* _Data records_
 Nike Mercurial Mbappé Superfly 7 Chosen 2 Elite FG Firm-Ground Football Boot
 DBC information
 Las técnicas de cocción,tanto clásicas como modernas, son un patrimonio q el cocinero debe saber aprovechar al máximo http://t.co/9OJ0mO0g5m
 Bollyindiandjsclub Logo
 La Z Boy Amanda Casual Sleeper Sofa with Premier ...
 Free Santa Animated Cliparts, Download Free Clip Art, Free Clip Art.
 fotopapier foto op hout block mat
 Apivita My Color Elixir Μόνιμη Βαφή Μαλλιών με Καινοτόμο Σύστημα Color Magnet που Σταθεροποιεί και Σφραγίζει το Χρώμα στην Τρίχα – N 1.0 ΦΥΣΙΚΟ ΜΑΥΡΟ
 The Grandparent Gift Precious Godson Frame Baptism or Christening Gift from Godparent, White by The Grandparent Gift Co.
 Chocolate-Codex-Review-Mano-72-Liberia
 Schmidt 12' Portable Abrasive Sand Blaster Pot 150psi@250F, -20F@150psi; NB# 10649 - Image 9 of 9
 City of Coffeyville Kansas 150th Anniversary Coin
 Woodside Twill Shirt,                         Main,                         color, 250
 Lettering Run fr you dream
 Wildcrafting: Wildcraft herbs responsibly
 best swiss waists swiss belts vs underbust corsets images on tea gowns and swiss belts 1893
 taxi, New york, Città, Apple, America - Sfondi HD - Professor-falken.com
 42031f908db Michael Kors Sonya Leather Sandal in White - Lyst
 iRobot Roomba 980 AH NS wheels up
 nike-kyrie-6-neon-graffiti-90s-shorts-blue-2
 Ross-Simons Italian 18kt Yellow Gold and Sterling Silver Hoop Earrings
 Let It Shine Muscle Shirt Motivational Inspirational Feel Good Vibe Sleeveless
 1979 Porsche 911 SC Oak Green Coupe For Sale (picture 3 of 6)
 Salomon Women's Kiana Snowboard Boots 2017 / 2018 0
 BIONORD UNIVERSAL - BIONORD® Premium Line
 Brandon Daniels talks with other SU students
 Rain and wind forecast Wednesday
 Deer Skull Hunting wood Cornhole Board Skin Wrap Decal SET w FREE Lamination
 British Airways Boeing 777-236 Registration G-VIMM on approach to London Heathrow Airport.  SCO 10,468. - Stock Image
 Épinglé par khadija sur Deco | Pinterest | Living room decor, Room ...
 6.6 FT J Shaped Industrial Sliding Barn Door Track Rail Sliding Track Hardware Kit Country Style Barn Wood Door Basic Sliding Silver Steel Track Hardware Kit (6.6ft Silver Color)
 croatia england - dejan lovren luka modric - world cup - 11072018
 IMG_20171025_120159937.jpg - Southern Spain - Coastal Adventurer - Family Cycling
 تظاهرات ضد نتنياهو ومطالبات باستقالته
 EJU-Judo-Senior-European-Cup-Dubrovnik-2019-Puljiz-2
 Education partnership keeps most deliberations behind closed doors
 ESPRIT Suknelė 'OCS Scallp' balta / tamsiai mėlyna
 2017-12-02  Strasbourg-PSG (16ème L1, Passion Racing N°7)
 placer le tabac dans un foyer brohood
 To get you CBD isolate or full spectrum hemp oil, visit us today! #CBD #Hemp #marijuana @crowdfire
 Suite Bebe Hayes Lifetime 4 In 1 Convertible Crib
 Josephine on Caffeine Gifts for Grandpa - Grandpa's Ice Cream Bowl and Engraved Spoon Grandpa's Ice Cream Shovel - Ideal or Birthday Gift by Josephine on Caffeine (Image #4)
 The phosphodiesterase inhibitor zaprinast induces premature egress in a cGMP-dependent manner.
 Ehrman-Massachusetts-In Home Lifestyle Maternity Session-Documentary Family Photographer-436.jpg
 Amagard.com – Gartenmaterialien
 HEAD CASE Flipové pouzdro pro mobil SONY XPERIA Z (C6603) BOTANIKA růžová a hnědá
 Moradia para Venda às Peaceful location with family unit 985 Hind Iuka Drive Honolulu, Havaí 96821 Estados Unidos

* _Problem details_
Retype the data in full, precisely as given.

* _Problem solution_
 Nike Mercurial Mbappé Superfly 7 Chosen 2 Elite FG Firm-Ground Football Boot
 DBC information
 Las técnicas de cocción,tanto clásicas como modernas, son un patrimonio q el cocinero debe saber aprovechar al máximo http://t.co/9OJ0mO0g5m
 Bollyindiandjsclub Logo
 La Z Boy Amanda Casual Sleeper Sofa with Premier ...
 Free Santa Animated Cliparts, Download Free Clip Art, Free Clip Art.
 fotopapier foto op hout block mat
 Apivita My Color Elixir Μόνιμη Βαφή Μαλλιών με Καινοτόμο Σύστημα Color Magnet που Σταθεροποιεί και Σφραγίζει το Χρώμα στην Τρίχα – N 1.0 ΦΥΣΙΚΟ ΜΑΥΡΟ
 The Grandparent Gift Precious Godson Frame Baptism or Christening Gift from Godparent, White by The Grandparent Gift Co.
 Chocolate-Codex-Review-Mano-72-Liberia
 Schmidt 12' Portable Abrasive Sand Blaster Pot 150psi@250F, -20F@150psi; NB# 10649 - Image 9 of 9
 City of Coffeyville Kansas 150th Anniversary Coin
 Woodside Twill Shirt,                         Main,                         color, 250
 Lettering Run fr you dream
 Wildcrafting: Wildcraft herbs responsibly
 best swiss waists swiss belts vs underbust corsets images on tea gowns and swiss belts 1893
 taxi, New york, Città, Apple, America - Sfondi HD - Professor-falken.com
 42031f908db Michael Kors Sonya Leather Sandal in White - Lyst
 iRobot Roomba 980 AH NS wheels up
 nike-kyrie-6-neon-graffiti-90s-shorts-blue-2
 Ross-Simons Italian 18kt Yellow Gold and Sterling Silver Hoop Earrings
 Let It Shine Muscle Shirt Motivational Inspirational Feel Good Vibe Sleeveless
 1979 Porsche 911 SC Oak Green Coupe For Sale (picture 3 of 6)
 Salomon Women's Kiana Snowboard Boots 2017 / 2018 0
 BIONORD UNIVERSAL - BIONORD® Premium Line
 Brandon Daniels talks with other SU students
 Rain and wind forecast Wednesday
 Deer Skull Hunting wood Cornhole Board Skin Wrap Decal SET w FREE Lamination
 British Airways Boeing 777-236 Registration G-VIMM on approach to London Heathrow Airport.  SCO 10,468. - Stock Image
 Épinglé par khadija sur Deco | Pinterest | Living room decor, Room ...
 6.6 FT J Shaped Industrial Sliding Barn Door Track Rail Sliding Track Hardware Kit Country Style Barn Wood Door Basic Sliding Silver Steel Track Hardware Kit (6.6ft Silver Color)
 croatia england - dejan lovren luka modric - world cup - 11072018
 IMG_20171025_120159937.jpg - Southern Spain - Coastal Adventurer - Family Cycling
 تظاهرات ضد نتنياهو ومطالبات باستقالته
 EJU-Judo-Senior-European-Cup-Dubrovnik-2019-Puljiz-2
 Education partnership keeps most deliberations behind closed doors
 ESPRIT Suknelė 'OCS Scallp' balta / tamsiai mėlyna
 2017-12-02  Strasbourg-PSG (16ème L1, Passion Racing N°7)
 placer le tabac dans un foyer brohood
 To get you CBD isolate or full spectrum hemp oil, visit us today! #CBD #Hemp #marijuana @crowdfire
 Suite Bebe Hayes Lifetime 4 In 1 Convertible Crib
 Josephine on Caffeine Gifts for Grandpa - Grandpa's Ice Cream Bowl and Engraved Spoon Grandpa's Ice Cream Shovel - Ideal or Birthday Gift by Josephine on Caffeine (Image #4)
 The phosphodiesterase inhibitor zaprinast induces premature egress in a cGMP-dependent manner.
 Ehrman-Massachusetts-In Home Lifestyle Maternity Session-Documentary Family Photographer-436.jpg
 Amagard.com – Gartenmaterialien
 HEAD CASE Flipové pouzdro pro mobil SONY XPERIA Z (C6603) BOTANIKA růžová a hnědá
 Moradia para Venda às Peaceful location with family unit 985 Hind Iuka Drive Honolulu, Havaí 96821 Estados Unidos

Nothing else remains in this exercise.